TASK PROMPT —
Write every line below out again exactly, images omitted.

DATA —
--
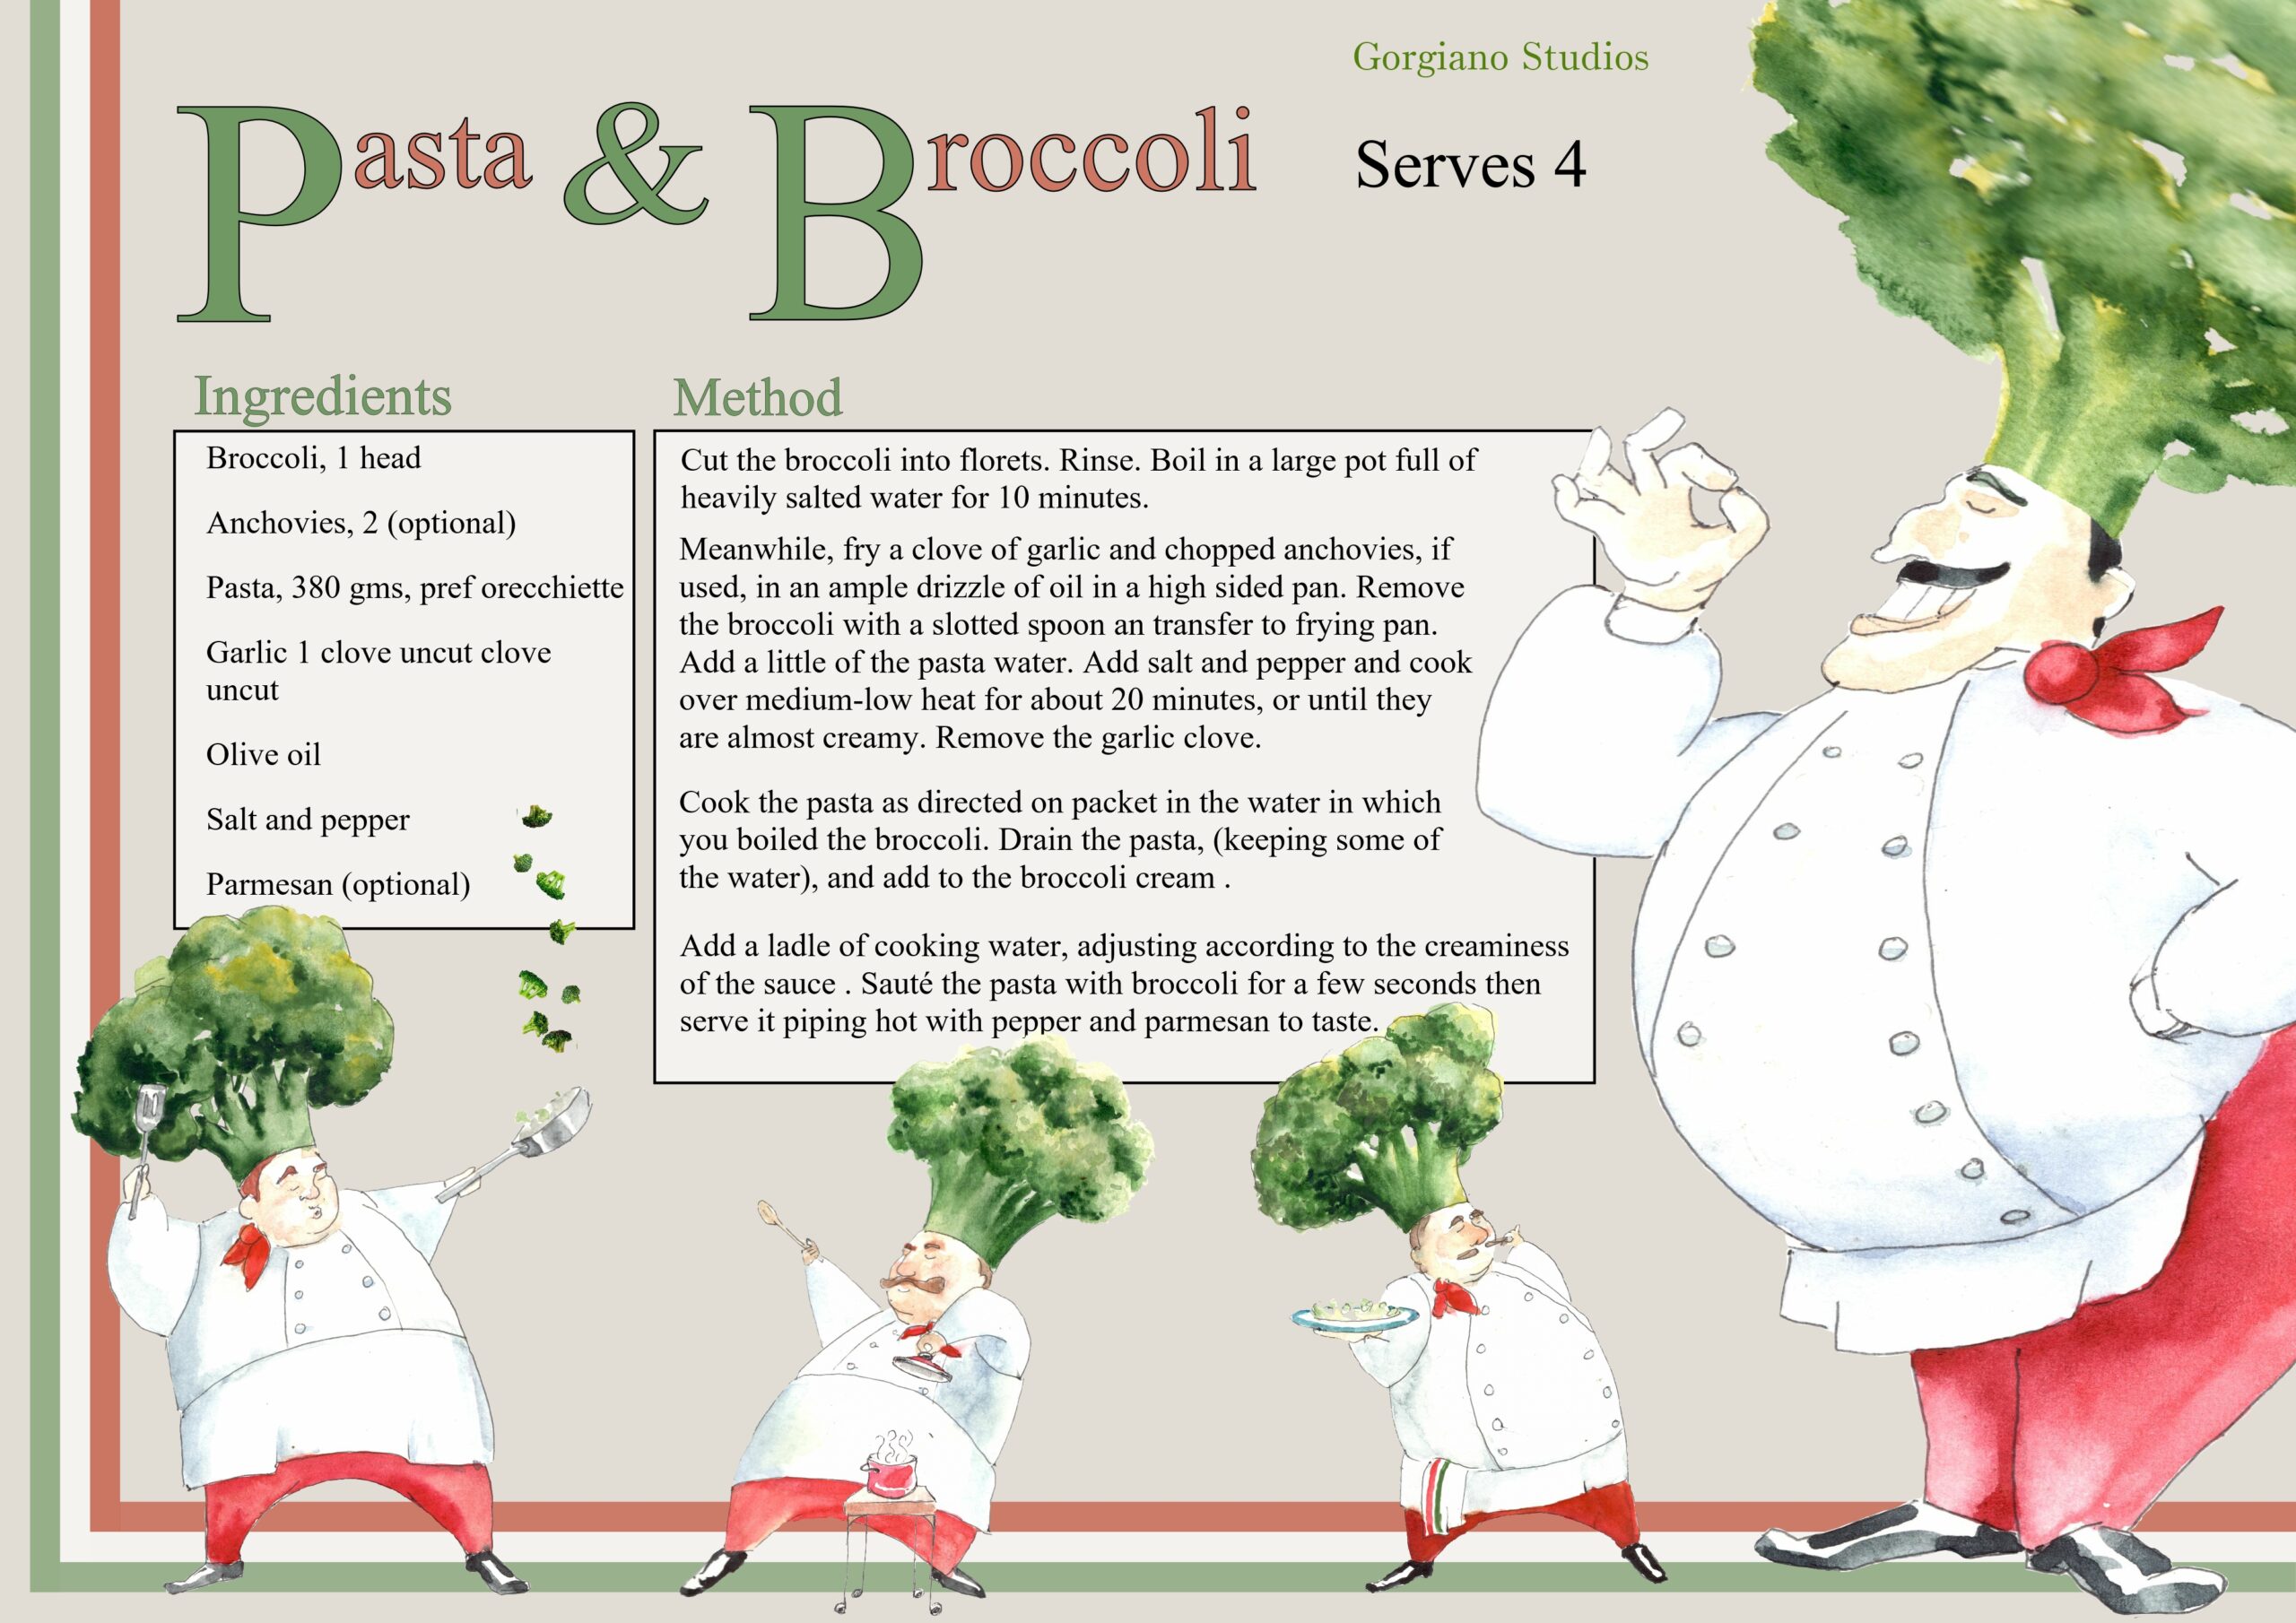 Recipe for pasta broccoli from Gorgiano Studios and Andreas authentic Italian cuisine
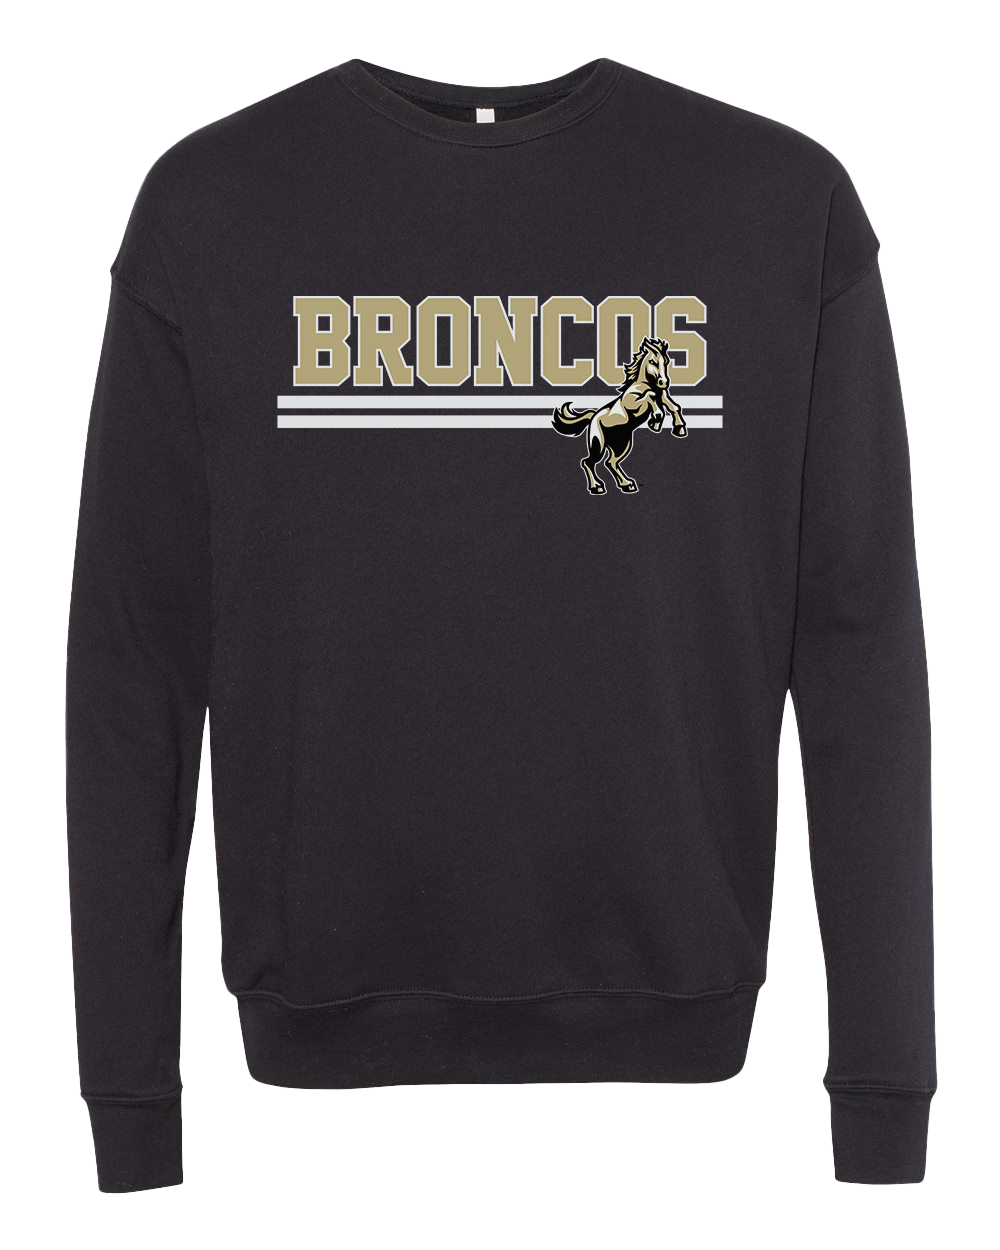 Daleville Broncos Retro Crew Sweatshirt - Black
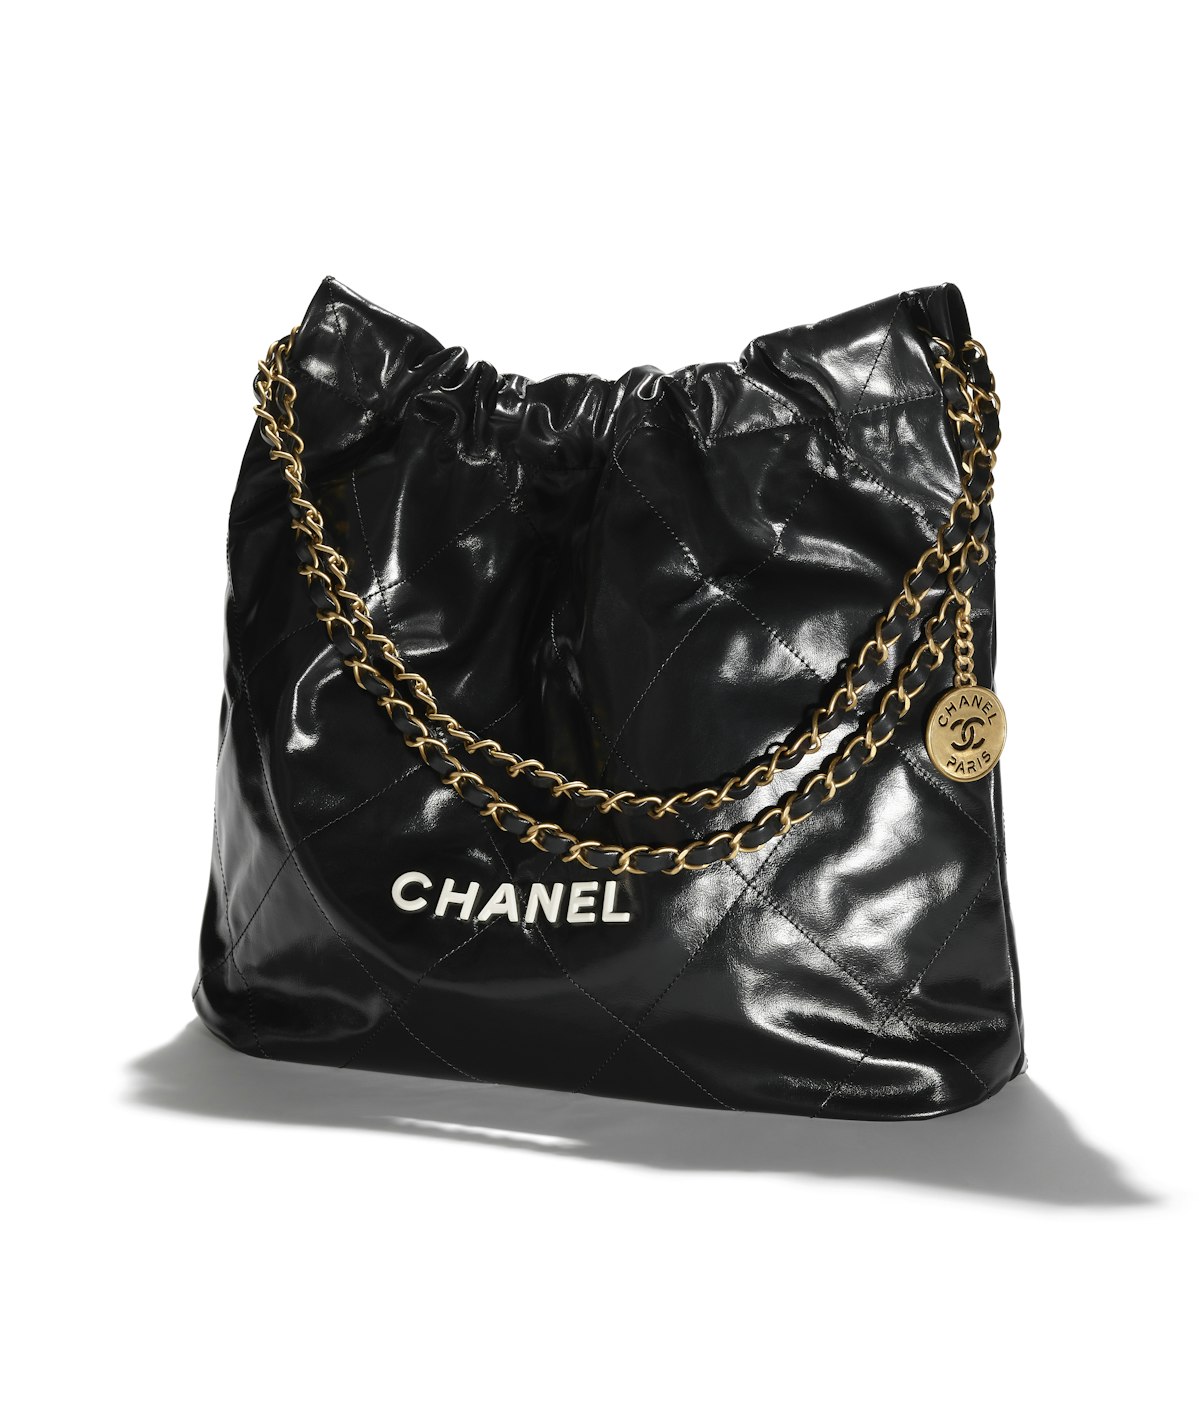 Chanel 22 leather handbag Chanel Black in Leather - 33776764
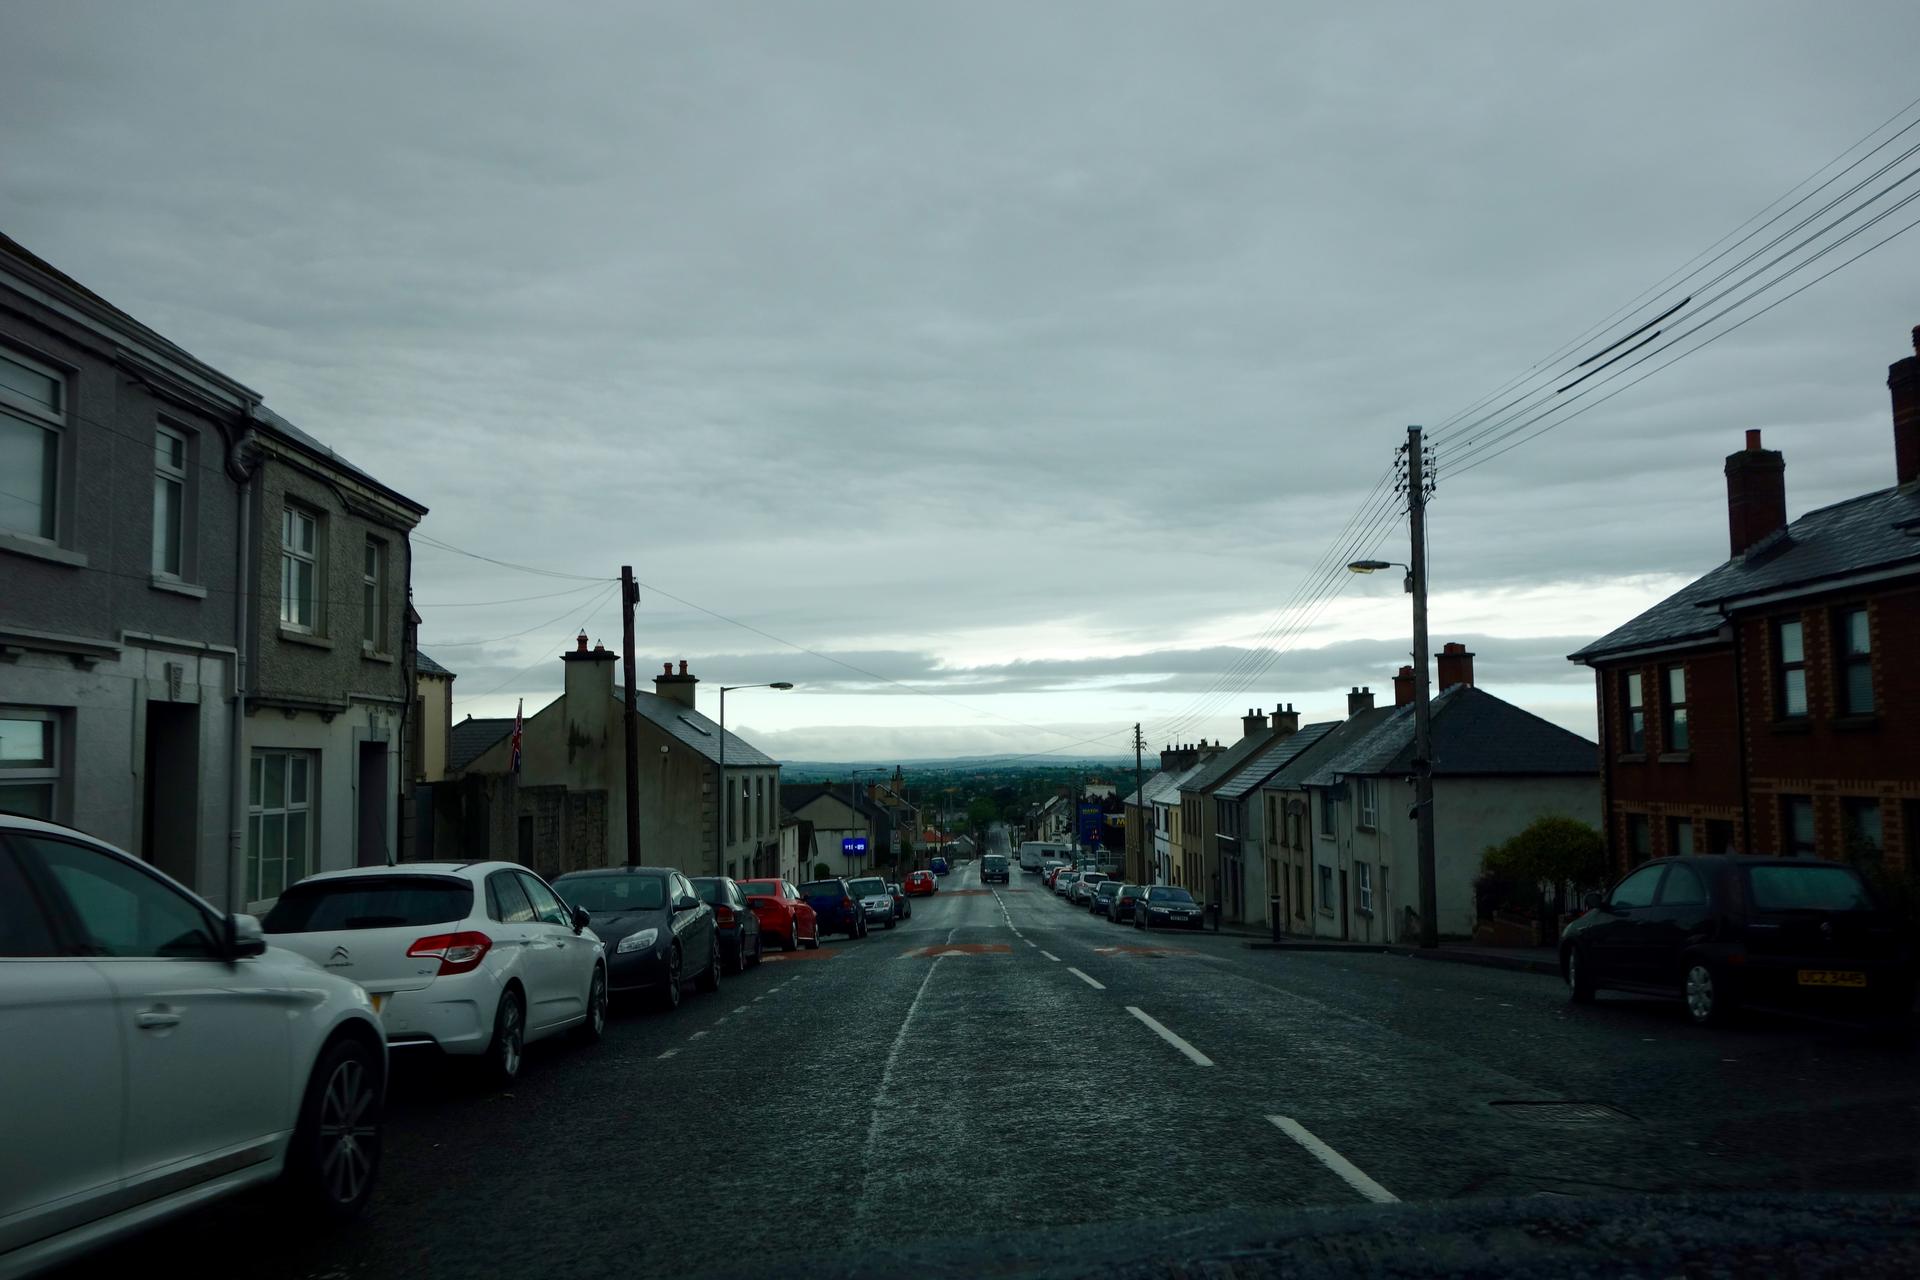 Northern Ireland border town
--
SOLUTION FOR THIS PROBLEM —
 Recipe for pasta broccoli from Gorgiano Studios and Andreas authentic Italian cuisine
 Daleville Broncos Retro Crew Sweatshirt - Black
 Chanel 22 leather handbag Chanel Black in Leather - 33776764
 Northern Ireland border town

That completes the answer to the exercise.